Santiago tiene rock y se muere por contarlo

Santiago tiene rock y se muere por contarlo
27 de septiembre de 2015 - 00:00 - Alejandro Tapia, corresponsal de El Telégrafo en Chile

Cuarenta mil boletos en menos de 24 horas. Eso fue lo que ocurrió el 10 de septiembre de 2015, cuando se pusieron a la venta las entradas para el recital que el exguitarrista de Pink Floyd, David Gilmour, dará el 20 de diciembre en el Estadio Nacional de Santiago, capital chilena. La locura que se desató ese día, con largas filas de fanáticos y el colapso en la venta de entradas por internet, se ha visto muchas veces en Chile. Santiago vive un boom musical y de tribus de ‘indies’ y ‘hipsters’. En 2005, U2 despachó nada menos 53 mil tickets en un solo día. En los últimos años, Santiago no solo se ha convertido en una suerte de capital musical de Sudamérica -galardón que por décadas ostentó Buenos Aires- sino que los conciertos han dado paso a un complejo fenómeno social relacionado con el crecimiento económico, la imagen de un país ‘ordenado’ y la forma en que los chilenos -sobre todo los de la generación del Milenio- consumen música, y cómo les gusta ahora ostentar y presumir, especialmente a través de redes sociales.

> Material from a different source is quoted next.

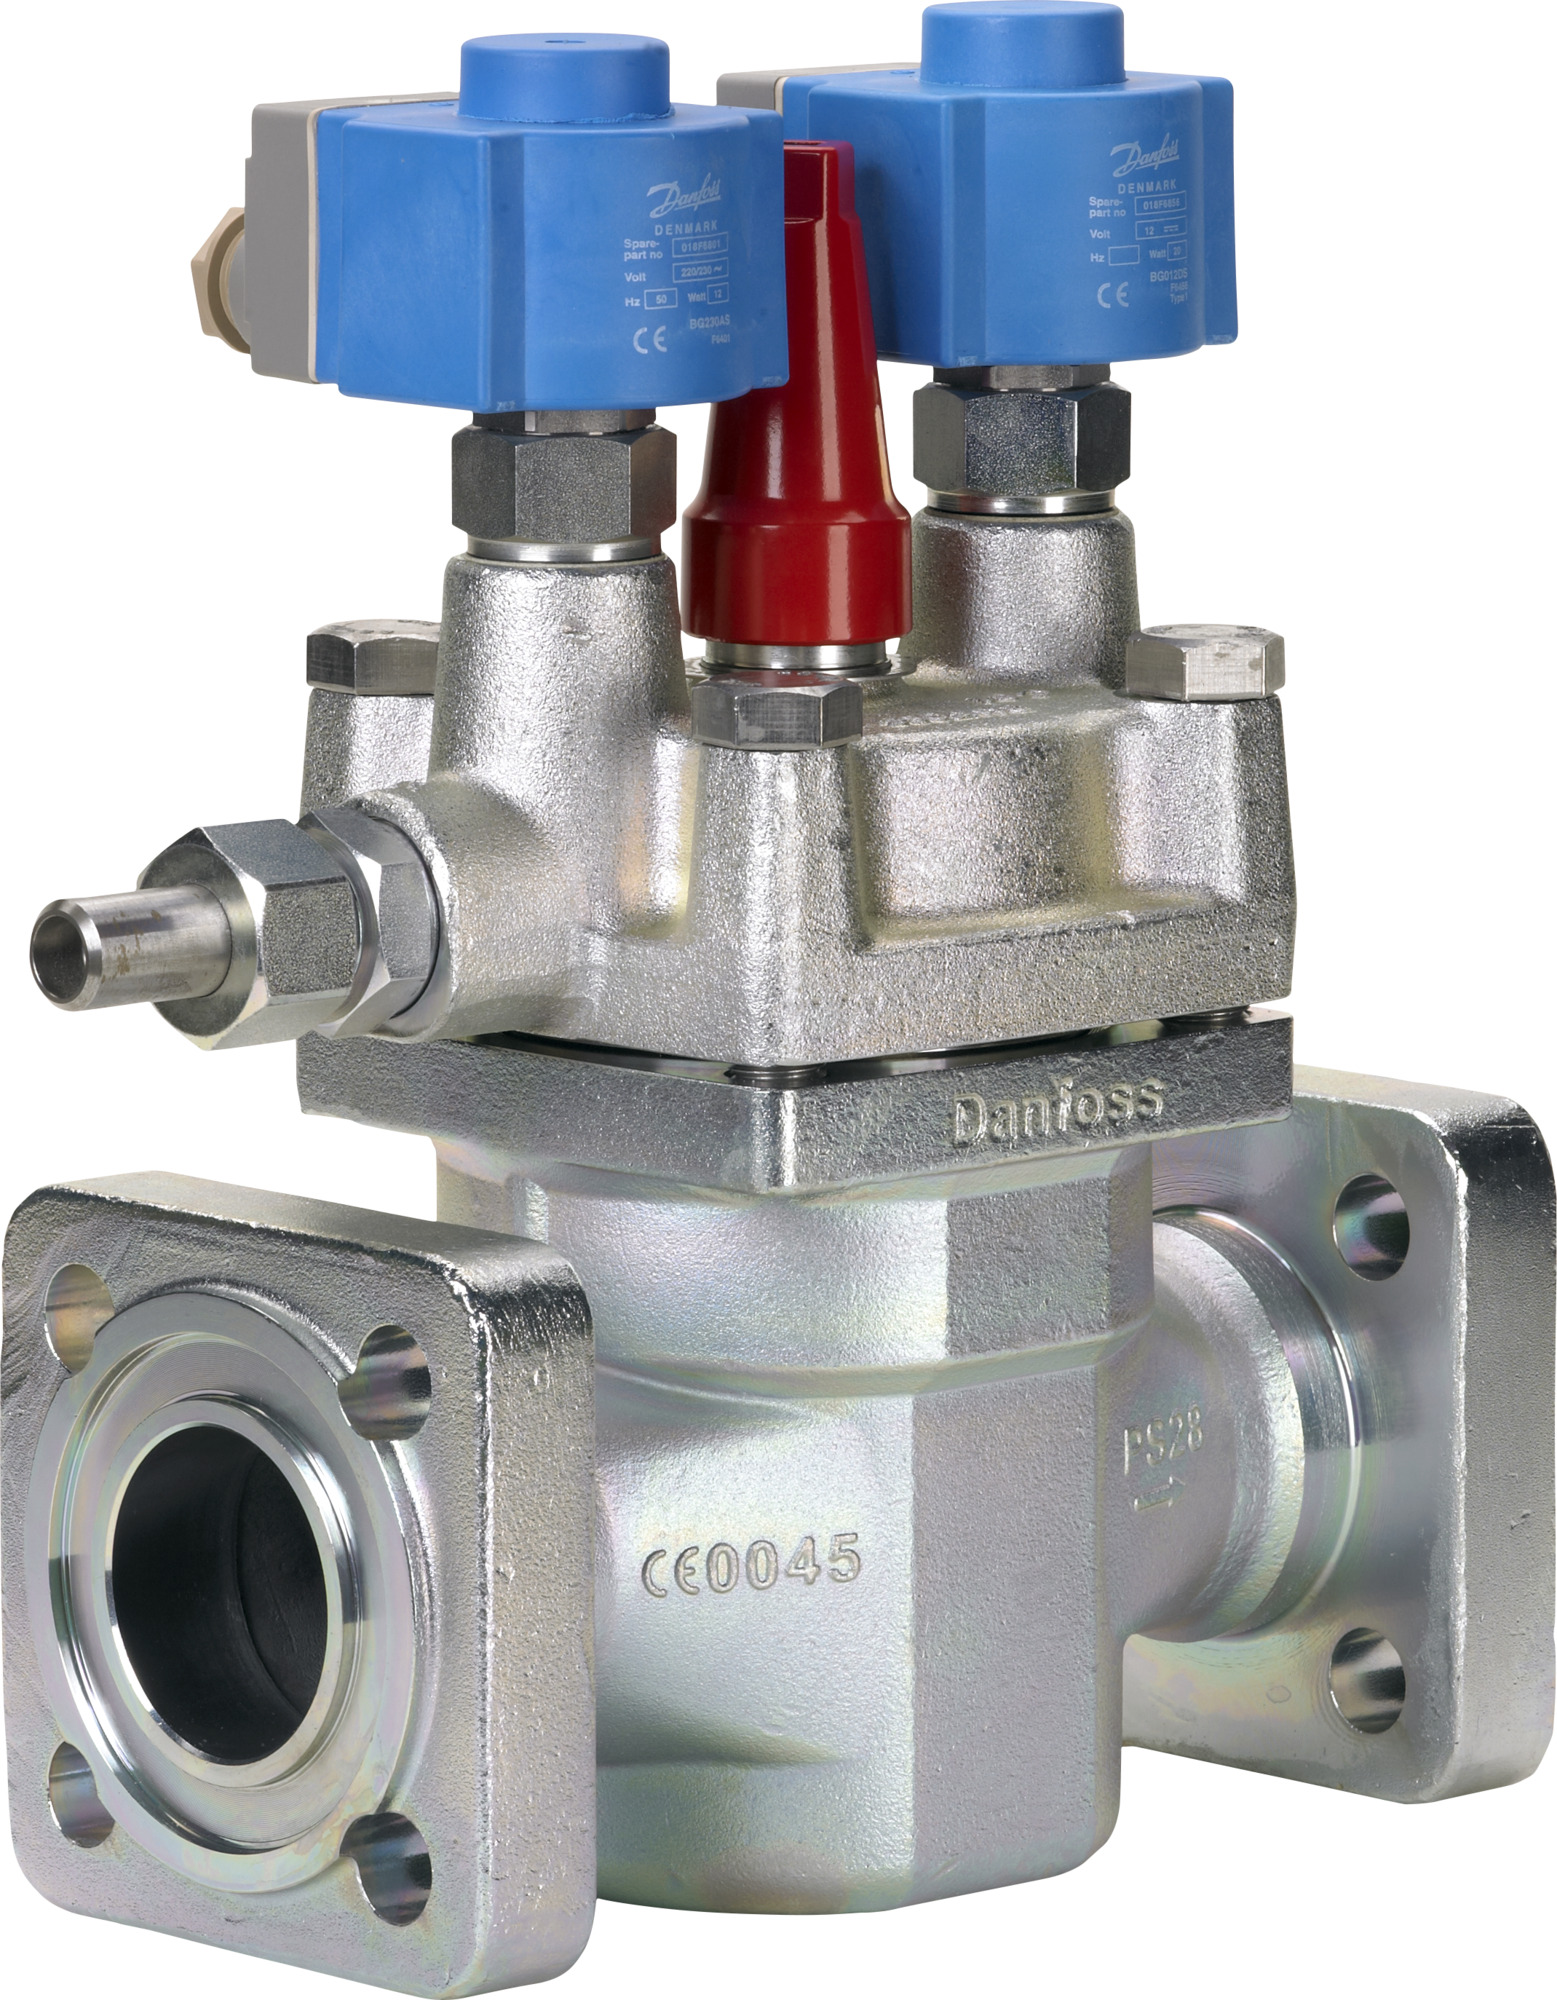 Multifunction valve body, ICV 50 PM, Flange

La cartelera de recitales y conciertos está llena en Santiago. Es lo que ha ocurrido cada vez con mayor intensidad desde la última década, algo impensado en los ochenta, durante la dictadura de Augusto Pinochet. En aquella época de censura, las presentaciones musicales eran extremadamente precarias, con gimnasios y centros deportivos transformados en improvisados teatros y cuando la agenda musical local tenía su máximo esplendor en el Festival de Viña del Mar. Era la época del heavy metal local, de Los Prisioneros y del rock latino, comandado por los argentinos Soda Stereo. Las cosas comenzaron a cambiar con el regreso a la democracia. El trovador cubano Silvio Rodríguez reunió a más de ochenta mil personas el 31 de marzo de 1990, poco después de que Patricio Aylwin recibiera de Pinochet la banda presidencial. Un año antes, un público igual de numeroso había asistido al recital de Rod Stewart en el Estadio Nacional. Luego vinieron los festivales de Amnistía Internacional y esporádicas visitas, como la de los estadounidenses Guns N’ Roses, en 1992, y una presentación de Iron Maiden, frustrada por la oposición de la Iglesia católica, muy influyente en aquella época.

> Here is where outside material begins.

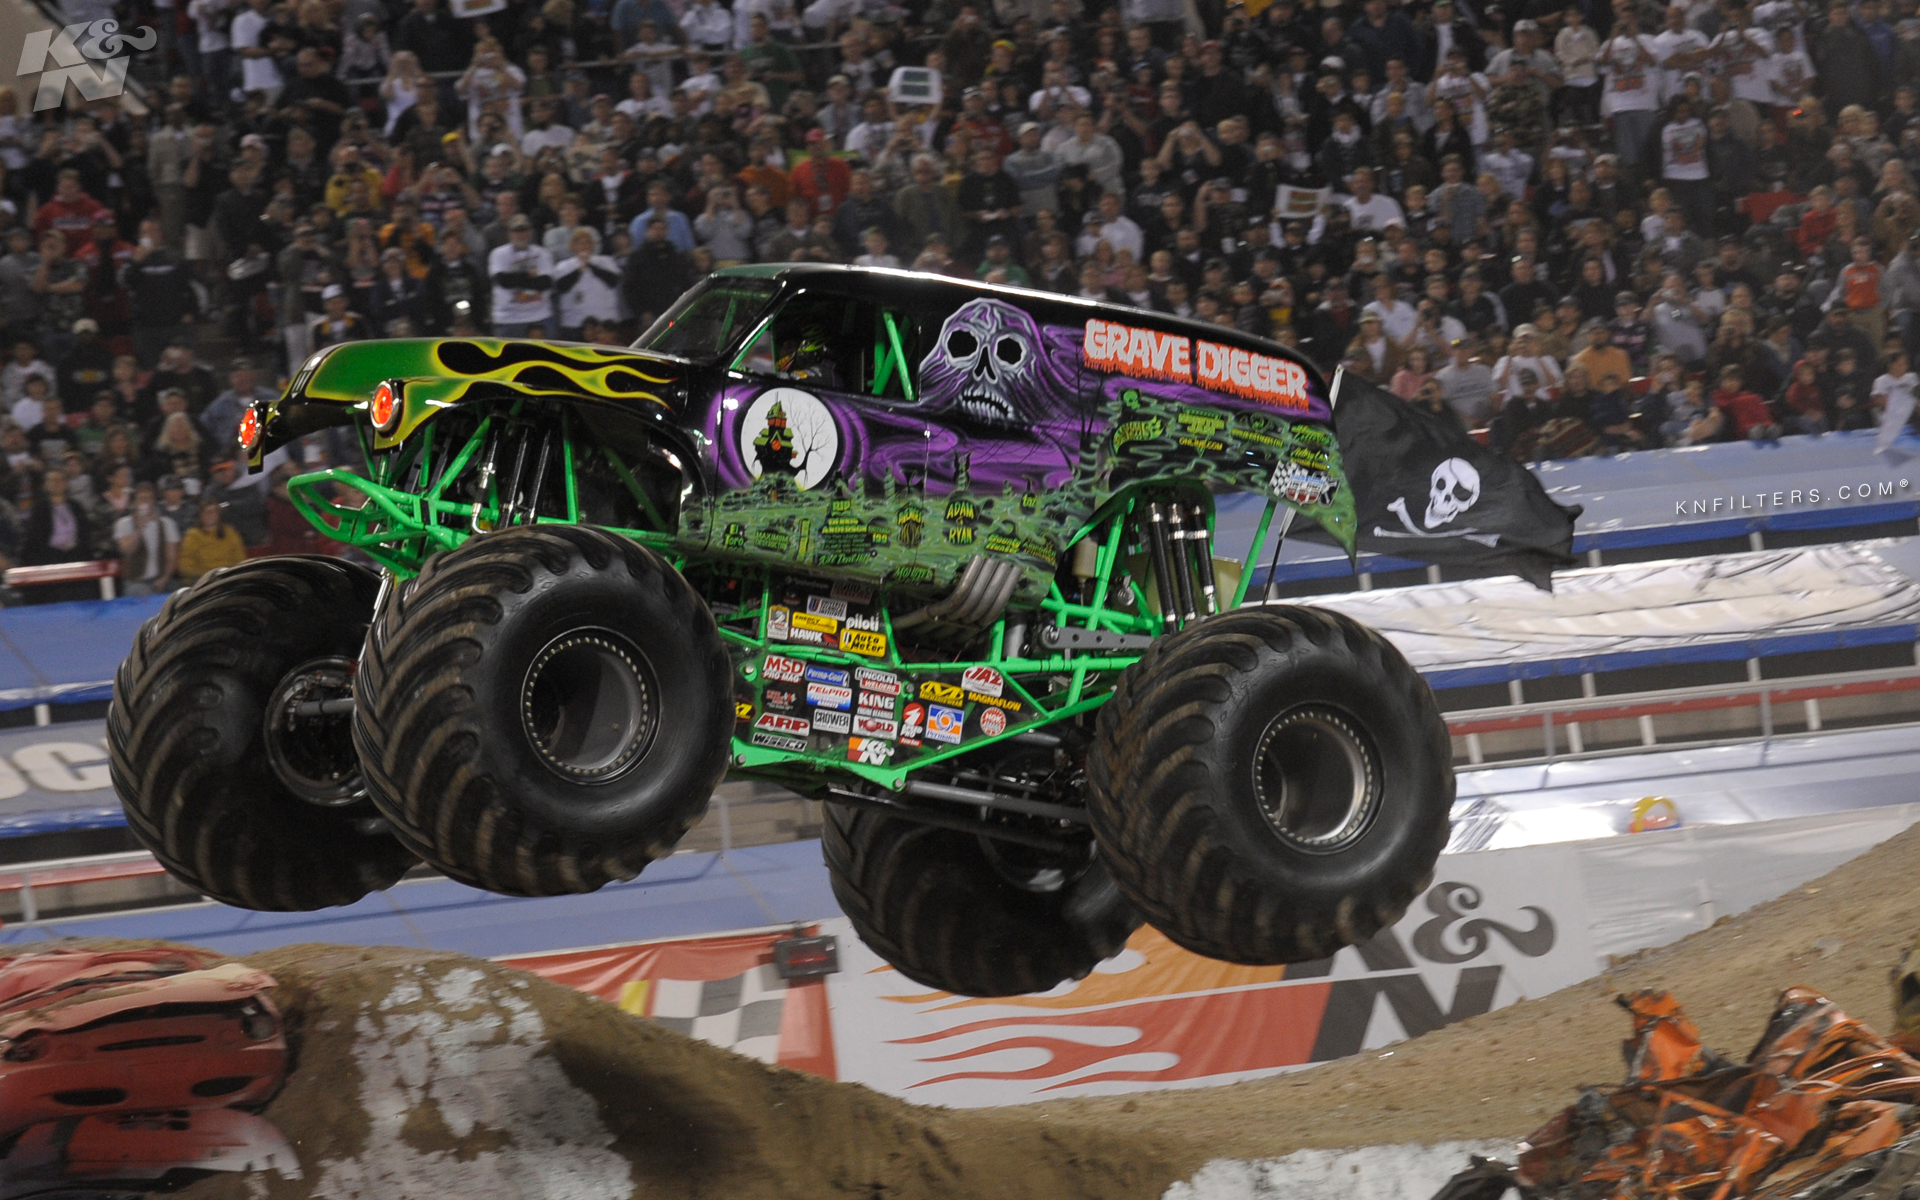  monster truck 4x4 race racing monster truck j wallpaper background

Pero el cambio en la industria musical y en el comportamiento de los chilenos ocurrió a partir de la década del 2000. Entonces, en un año cualquiera, en Santiago no es raro asistir a un concierto de Paul McCartney, Madonna, Bruce Springsteen, Kiss o los mismos Iron Maiden. Ahora, es algo común que Rihanna, Katy Perry o Beyoncé, las artistas pop de moda, visiten también Santiago. Lo mismo que el ex-Led Zeppelin, Robert Plant. Para lo que queda de 2015, la cartelera está a tope, con presentaciones programadas y casi agotadas de David Gilmour, Blur, Sting, Ian Anderson y Pearl Jam. Y eso sin contar a los cantantes latinos, como Chayanne o Luis Miguel.

Ganas de contarlo

Los conciertos no solo se agotan con rapidez, sino que parte del público chileno comparte fotografías y selfies prácticamente desde que hacen la fila para comprar los boletos. Este comportamiento se hizo evidente con la irrupción del Festival Lollapalooza en Santiago en 2011. A partir de ese año, esta franquicia del popular festival de música alternativa estadounidense suele recibir hasta 160 mil asistentes en un fin de semana de marzo, en la enorme explanada del parque O’Higgins, de características similares al parque La Carolina de Quito: 76 hectáreas con áreas verdes, una arena para veinte mil espectadores, el teatro La Cúpula para unos dos mil fans y una explanada enorme donde se montan los escenarios principales.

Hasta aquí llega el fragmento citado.